Your equation expands to be 12x4 + 44x3 + 49x2 + 37x − 59 = 0. The left hand side of this equation is a polynomial in the variable x. In fact it is a quartic polynomial, i.e. the highest power of x is four. A corollary of the fundamental theorem of algebra tells us that your equation has, counting multiplicities, four solutions over the complex numbers. As is the case with quadratic polynomials, it is possible to find the exact solutions in terms of radicals, i.e. expressions involving nth roots. Although, in practise, this is very difficult to do by hand for anything other than the simplest of quartic polynomials. If you are satisfied with approximate solutions then there are a few things you could do. The first is to use the Newton method to find approximations to the solutions. With the Newton method you start with an educated guess for one of your solutions, say x0, and feed this into a certain function giving a new value, say x1. You then put x1 into the same function to get x2, and so on. This process of iteration will give a sequence of numbers (x0, x1, x2, …) which will eventually (given a few extra conditions) converge to a solution of your equation. You won't need more than a calculator, a little knowledge of complex numbers and the ability to differentiate a polynomial to use this method. Alternatively, you could just cheat and use a computer algebra package like Maple or Matlab to generate some numerical approximations to the solutions; but where's the fun in that? :o) ~~ Dr Dec (Talk) ~~ 17:35, 10 November 2009 (UTC)[reply]

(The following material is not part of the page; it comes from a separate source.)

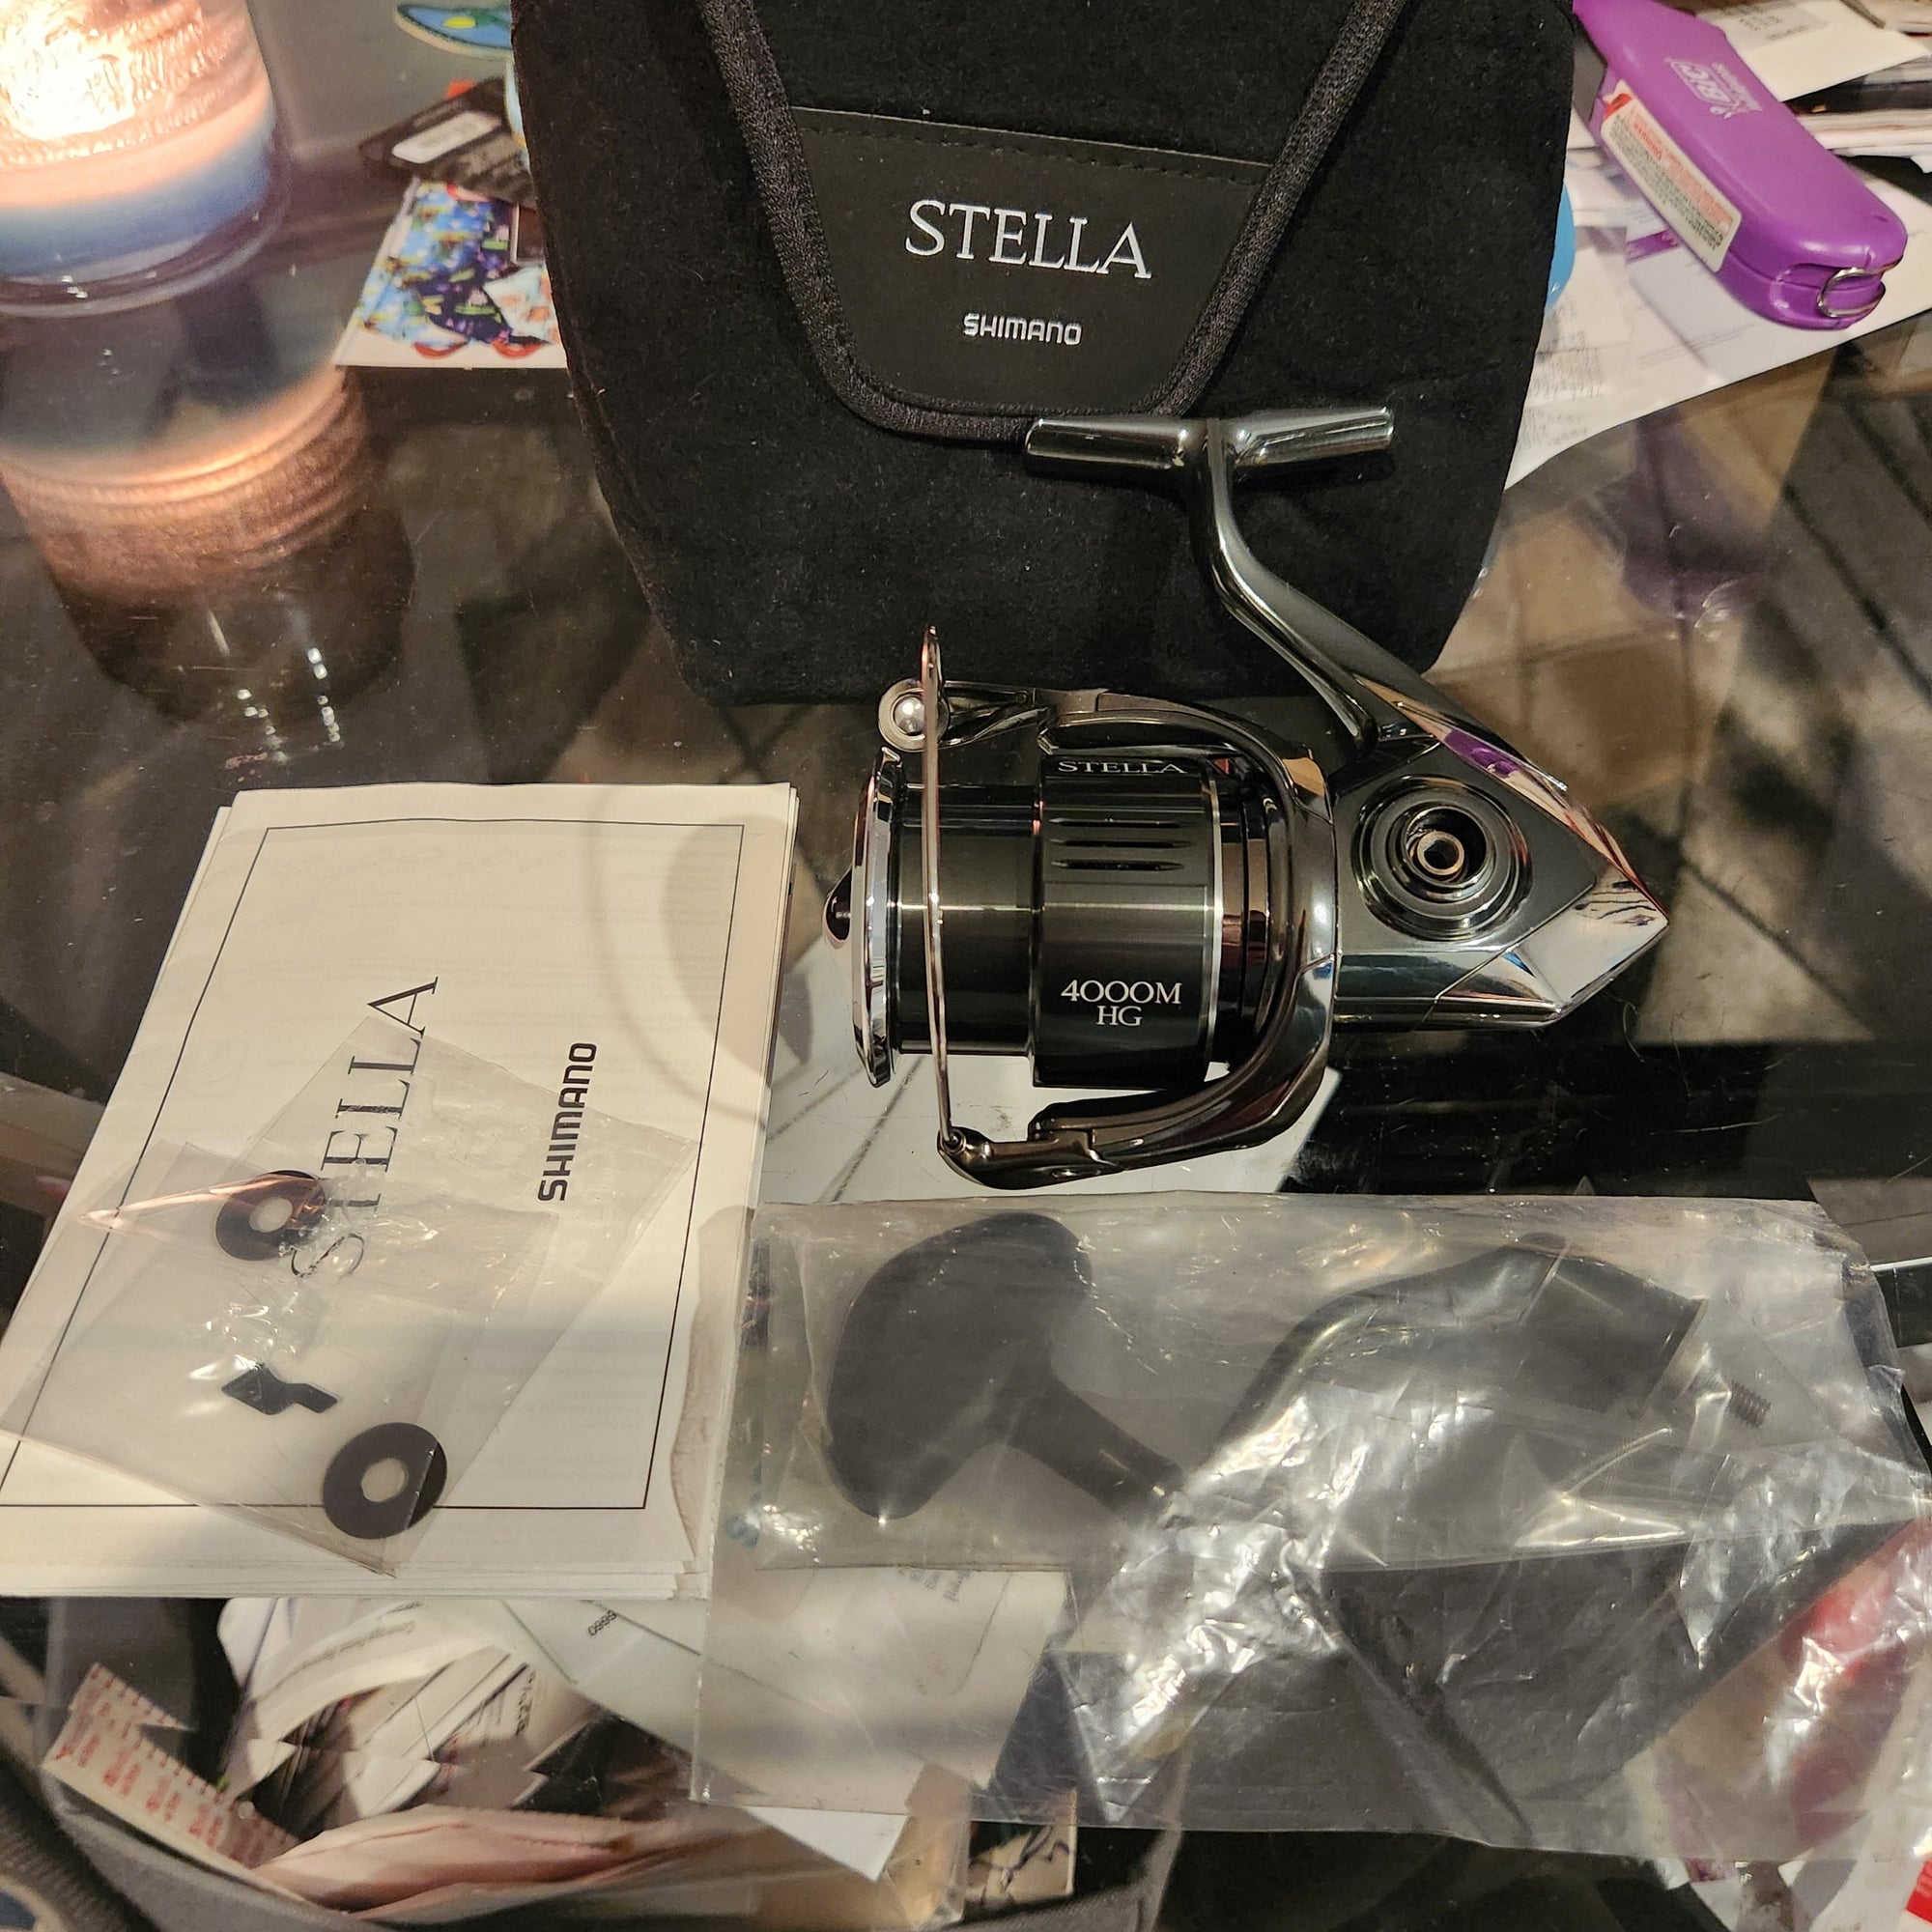 Shimano Stella 4000MHG **MINT** - The Hull Truth - Boating and Fishing Forum

The fun is in mastering a tool that enables you to solve hard problems easily. J (programming language):
   >{:p.(((1 1 1&p.)*(1 6&p.)*(5 2&p.))-64&p.)t.i. 5
_2.82568 _0.74556j1.4562 _0.74556j_1.4562 0.650129

Bo Jacoby (talk) 19:40, 10 November 2009 (UTC).[reply]

Commutative diagram[edit]

I have an n x n diagram (n rows and n columns) with the property that each (1 x 1) cell of the diagram is a commutative diagram. Is the whole diagram commutative? What's the name for this result (if it's true)? —Preceding unsigned comment added by 58.161.138.117 (talk) 12:24, 9 November 2009 (UTC)[reply]

You mean you have a rectangular grid with all arrows between neighbouring nodes going (say) left-to-right and top-to-bottom? Yes, the diagram is commutative. You can prove it easily for any m-by-n grid by induction on m, with inner induction on n. I have no idea whether it has a name. — Emil J. 14:21, 9 November 2009 (UTC)[reply]

Why don't we have a complete mathematical language?[edit]

Mathematical texts still use natural languages. Couldn't mathematicians develop a complete language? This language being complete in the sense that you can express things like "why", "imagine a". Students would learn how to code their natural native languages into this mathematical language.--Quest09 (talk) 12:57, 9 November 2009 (UTC)[reply]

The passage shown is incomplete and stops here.